1027. Longest Arithmetic Subsequence

Problem Description

The problem is to identify the length of the longest arithmetic subsequence within a given array of integers, nums. An arithmetic subsequence is a sequence that can be derived by removing zero or more elements from the array without changing the order of the remaining elements, and where the difference between consecutive elements is constant.

For example, if nums is [3, 6, 9, 12], then [3, 9, 12] is an arithmetic subsequence with a common difference of 6 between its first and second elements, and 3 between its second and third elements. The requirement is to find the longest such subsequence.

Key considerations:

  • Subsequences are not required to be contiguous, meaning they don't have to occur sequentially in the array.
  • The array's elements are not guaranteed to be in an arithmetic sequence order to start with.
  • The longest arithmetic subsequence could start and end at any index in the array, with any common difference.


To solve this problem, we approach it using dynamic programming, which will help us to build solutions to larger problems based on solutions to smaller, overlapping subproblems.

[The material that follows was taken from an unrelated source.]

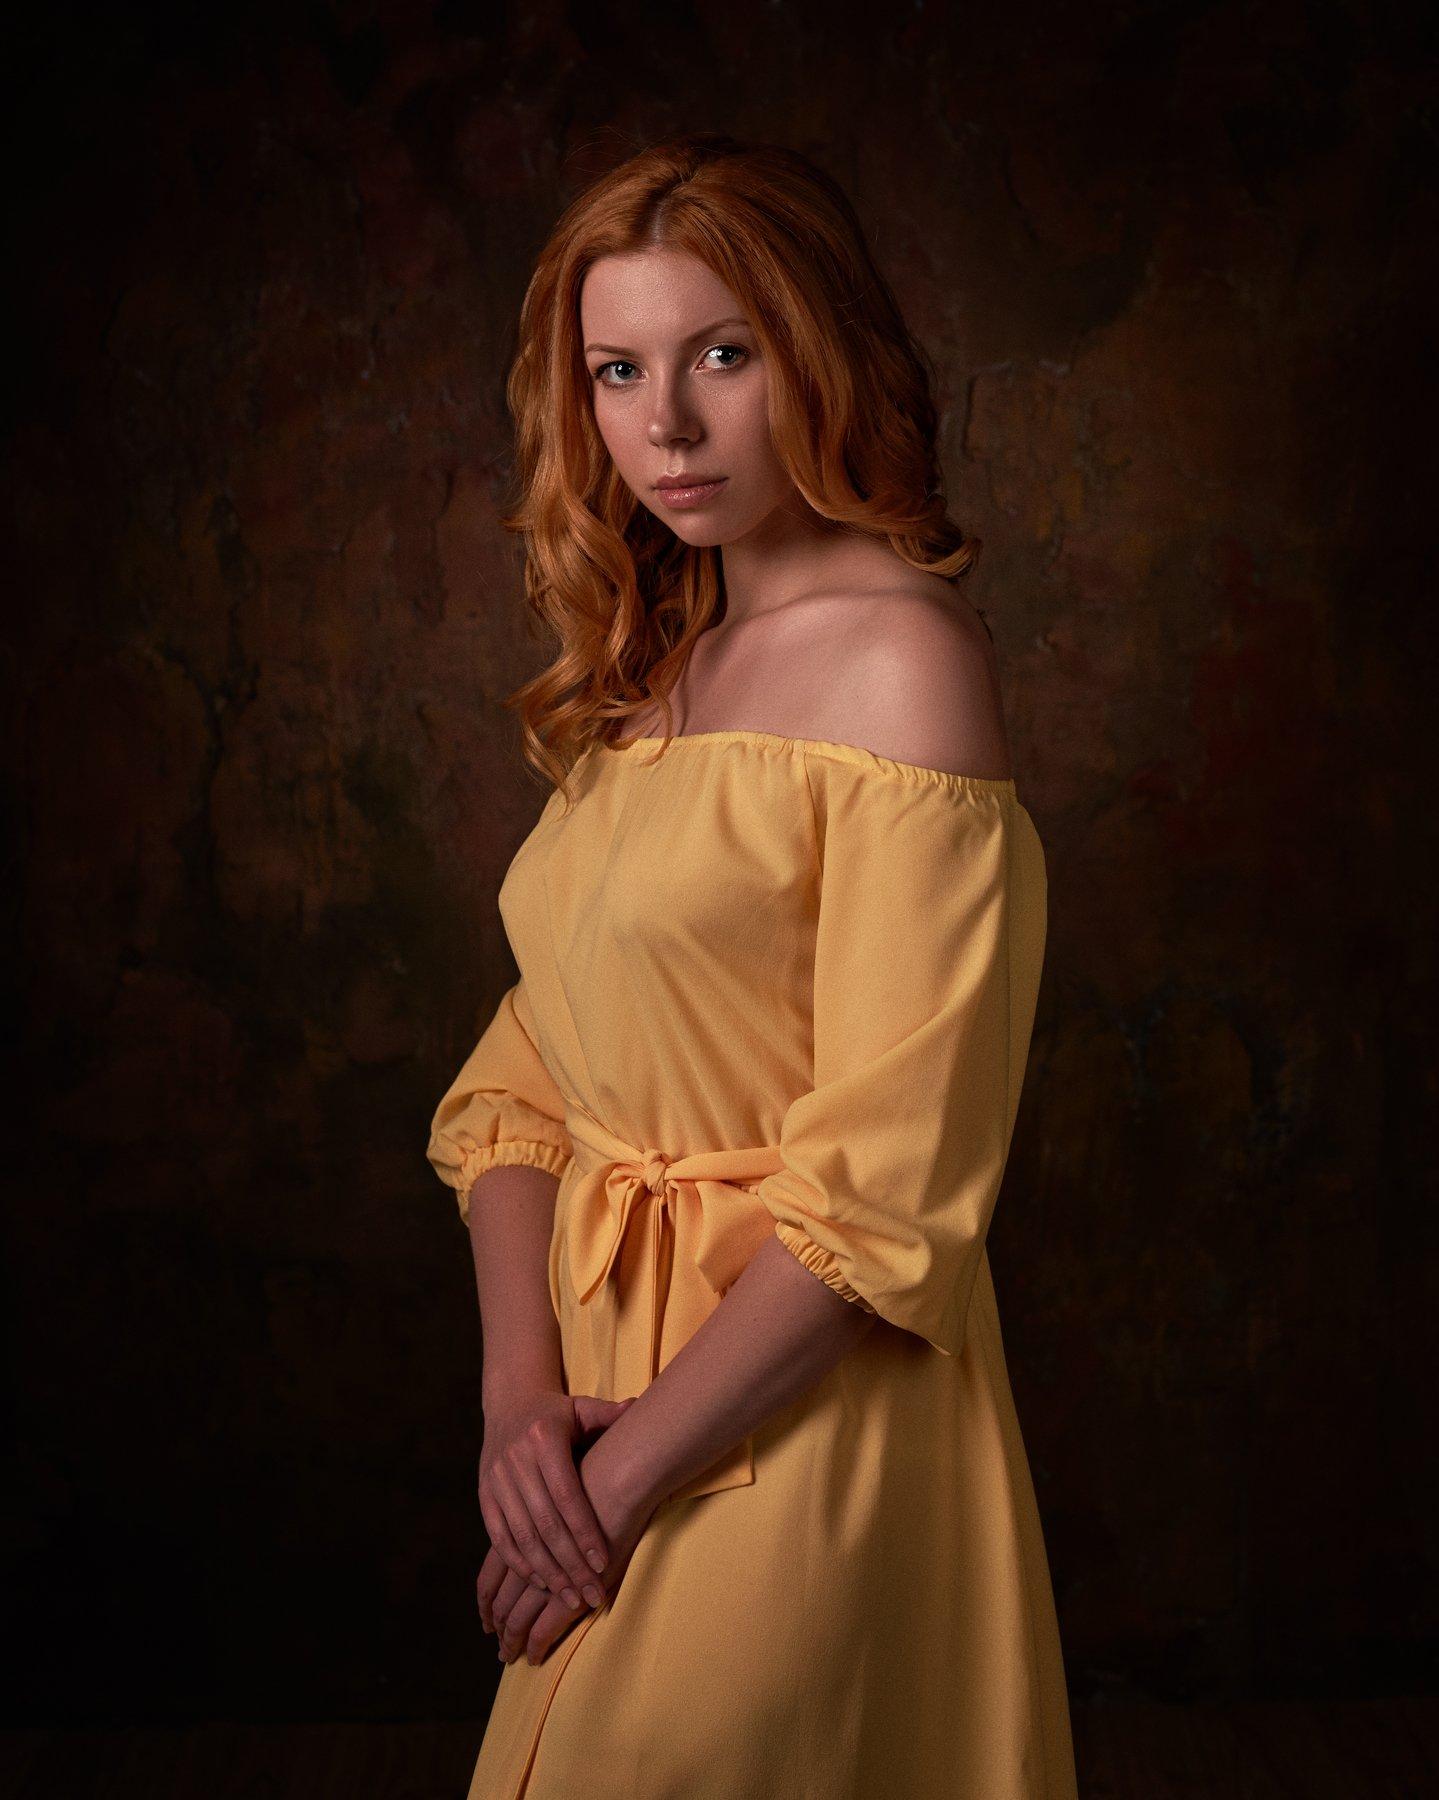 pyzhikphoto, портрет, классика, классический портрет, портрет девушки, женский портрет, portrait, classic, art, красавица, фото, девушка, Макс Пыжик

The intuition is as follows:

  • We traverse through the array, and for each element, we check its difference with the elements before it.
  • The difference can be negative, positive, or zero; hence, we offset the difference by a certain number to use it as an index. In this case, 500 is used to offset the difference to ensure it can be used as a non-negative index.
  • Using a 2D array f, where f[i][j] represents the length of the longest arithmetic subsequence that ends with nums[i] and has a common difference offset by 500.
  • For each pair (nums[i], nums[k]) where k < i, we calculate the difference offset j and update f[i][j] accordingly.
  • f[i][j] is the maximum of its current value and f[k][j] + 1 because if there exists a subsequence ending with nums[k] having the same common difference, then by adding nums[i], we can extend that subsequence.
  • We keep track of the maximum length of any arithmetic subsequence found so far.

This solution leverages the historical information stored in the dynamic programming table to determine the maximum achievable length of an arithmetic subsequence up to the current index. By iterating through all elements and all possible common differences, we find the maximum length of an arithmetic subsequence in the array.

Learn more about Binary Search and Dynamic Programming patterns.

Solution Approach

The implementation of the solution makes use of dynamic programming, a typical algorithmic technique for solving problems by breaking them down into overlapping sub-problems. The core idea is to avoid re-computing the answer for sub-problems we have already solved by storing their results.

Here's a step-by-step explanation of the Solution Approach based on the provided code:

  1. Initial Setup: Create a 2D array f of size n x 1001, where n is the length of nums. f[i][j] will store the length of the longest arithmetic subsequence up to index i with a common difference offset by 500. Initialize each value in f to 1, because the smallest arithmetic subsequence including any single number is just the number itself, with a length of 1.

  2. Looping Through Pairs: For each element nums[i], starting from the second element in nums, iterate backwards through all previous elements nums[k] where k < i. This way you are comparing the current element nums[i] with each of the elements before it, one by one.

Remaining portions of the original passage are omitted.